The vagueness of certain language in the contract raises further concerns. For instance, the stipulation that studios are not obligated to seek consent “if they would be protected by the First Amendment (e.g., comment, criticism, scholarship, satire or parody, use in a docudrama, or historical or biographical work).” It’s conceivable for studios to potentially bypass consent by categorizing a use as satirical and leveraging the protection of the US Constitution.

Then there’s the discussion surrounding digital alterations, particularly the provision that no consent is necessary for a digital replica if “the photography or sound track remains substantially as scripted, performed and/or recorded.” This could encompass changes to hair and wardrobe, as Glick mentions, or notably, a gesture or facial expression. This, in turn, prompts the question of AI’s impact on the art of acting: Might artists and actors begin to indicate AI-free performances or advocate anti-AI movements, Dogme 95-style? (These concerns echo past industry disputes about CGI.)

The vulnerability of performers leaves them open to exploitation. If an actor needs to make ends meet, AI consent, and potential replication, may one day become a condition of employment.
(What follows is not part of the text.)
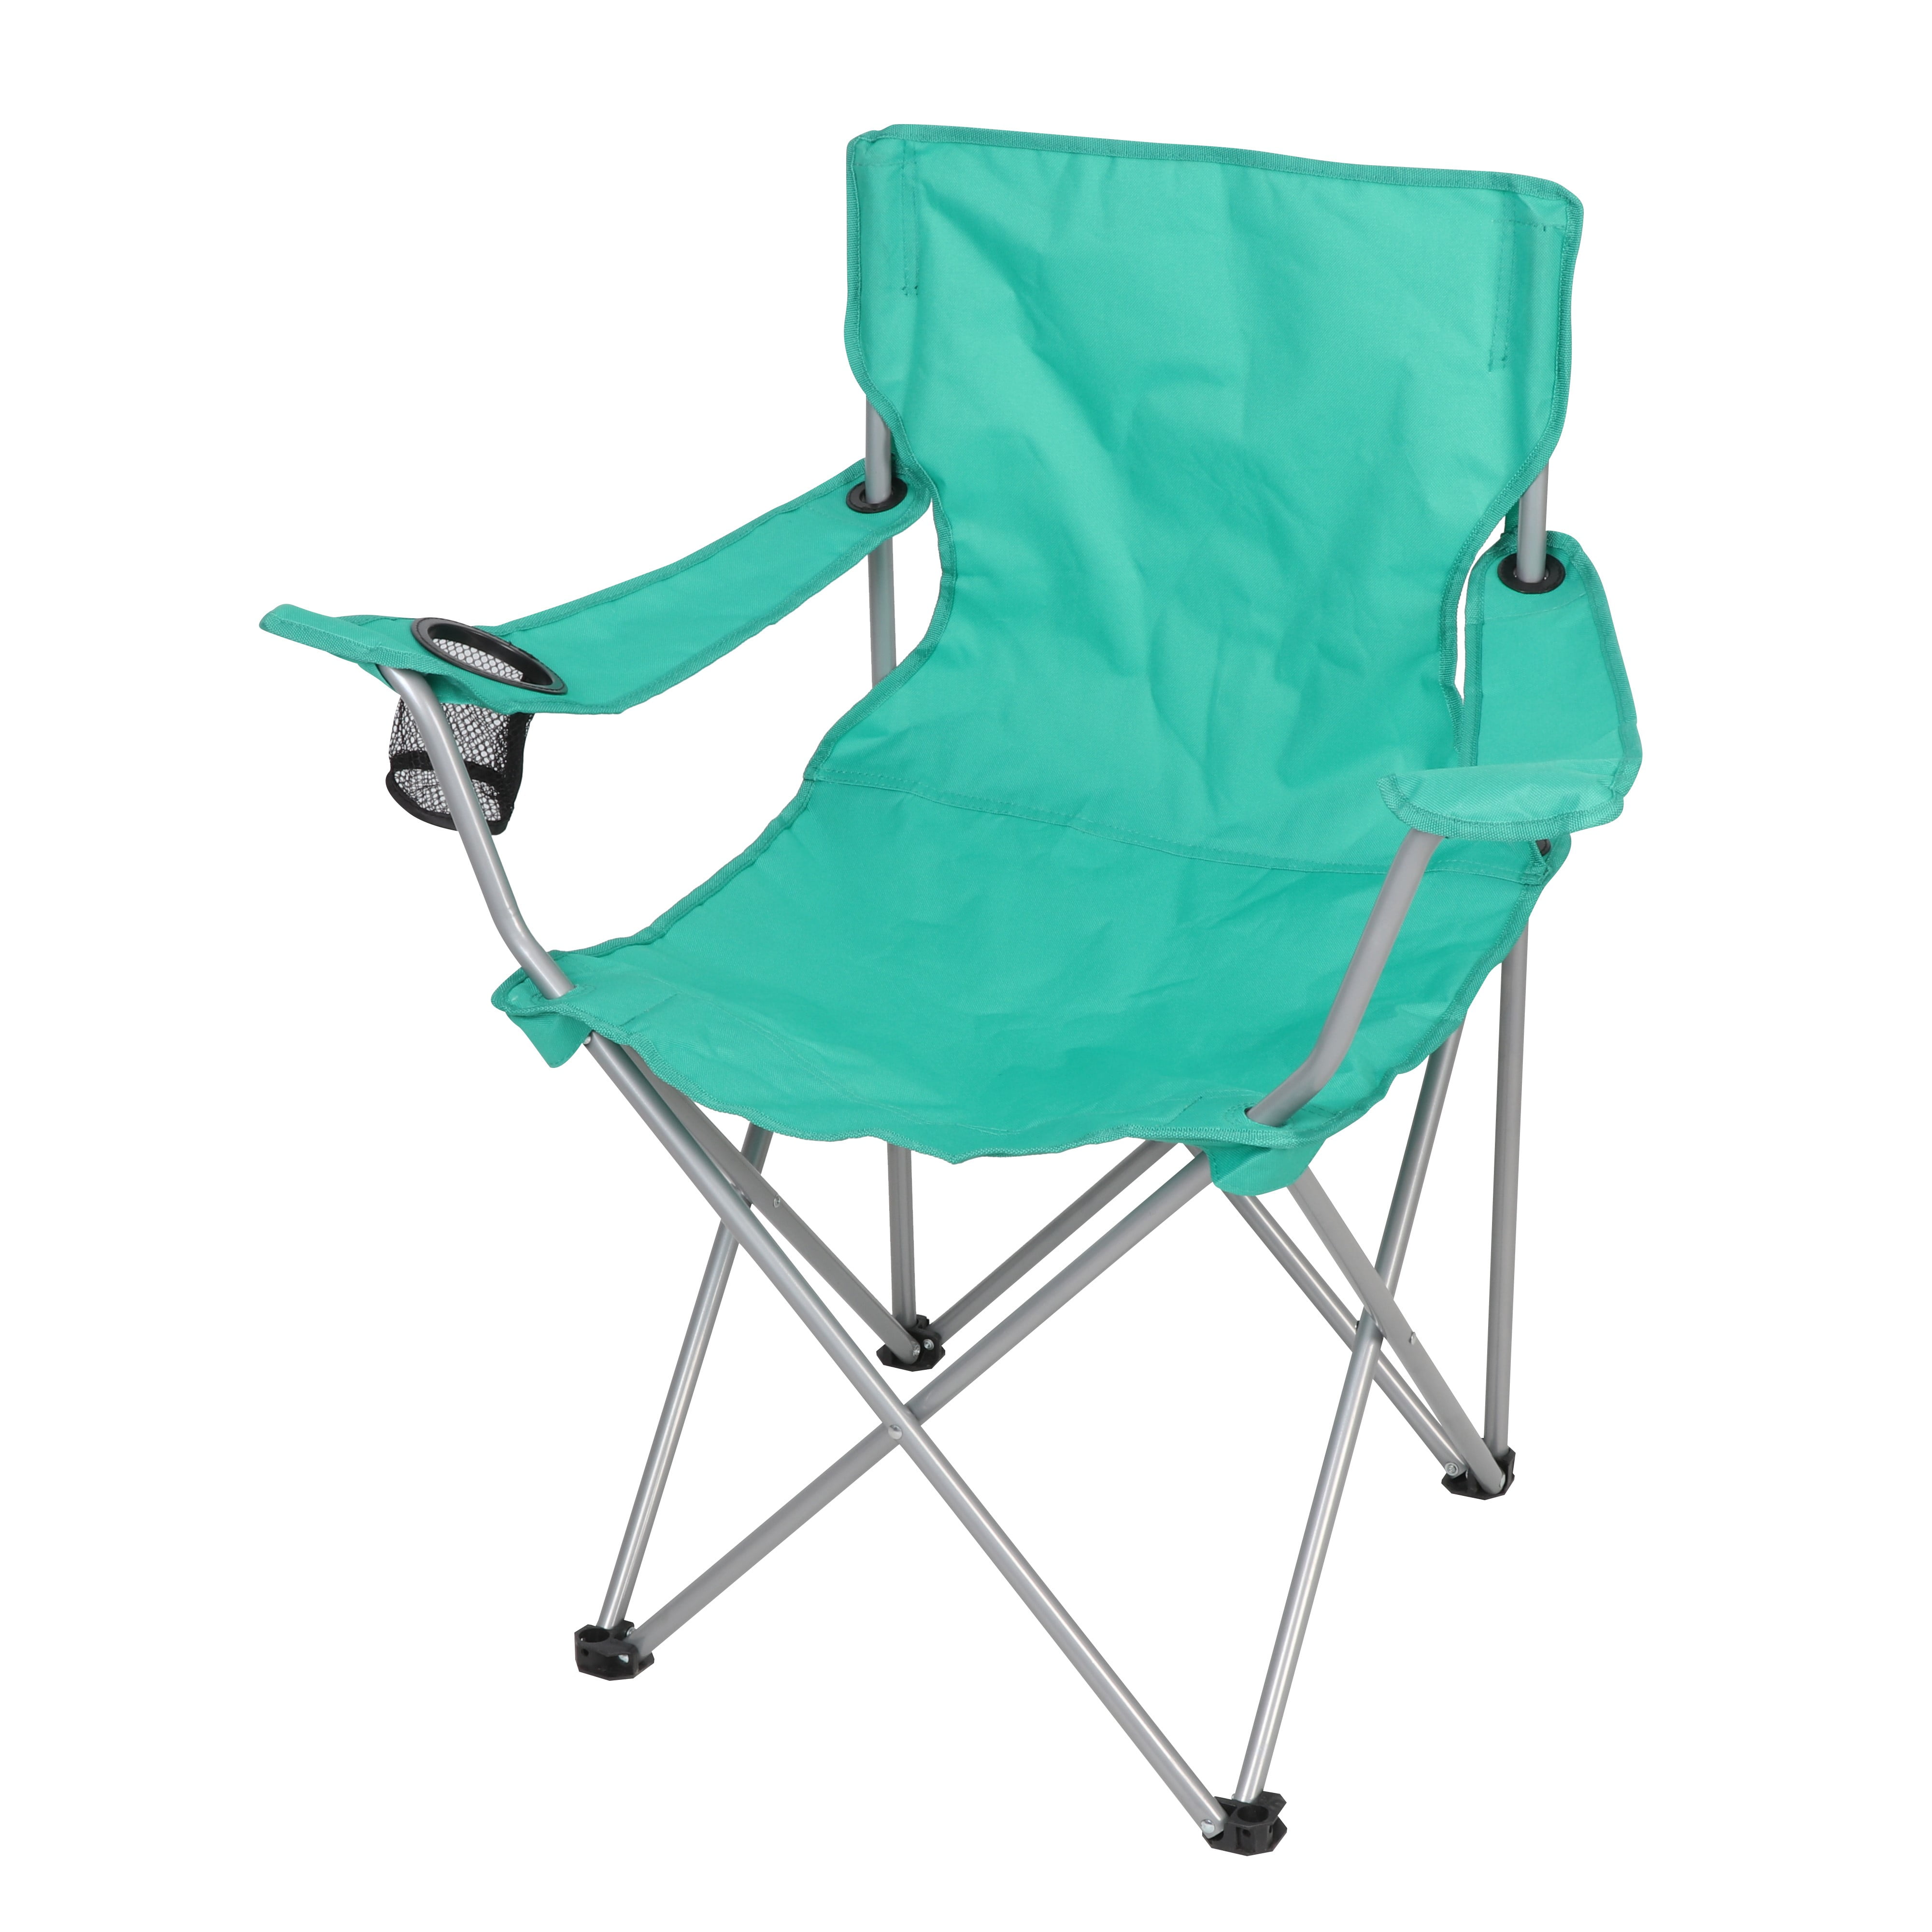 Preferred Nation Picnic Chair with Cooler

Inequality among actors is also likely to intensify—those who can afford to resist AI projects may receive greater protection; prominent actors who consent to digital recreation can “appear” in multiple projects simultaneously.

There are limitations to what can be accomplished in negotiations between guilds and studios, as actor and director Alex Winter highlighted in a recent article for WIRED. Like his observations regarding the WGA agreement, the deal “puts a lot of trust in studios to do the right thing.” Its primary achievement, he contends, is maintaining the dialogue between labor and capital. “It’s a step in the right direction regarding worker protection; it does shift some of the control out of the hands of the studio and into the hands of the workers who are unionized under SAG-AFTRA,” says Gunkel. “I do think, though, because it is limited to one contract for a very precise period of time, that it isn’t something we should just celebrate and be done with.”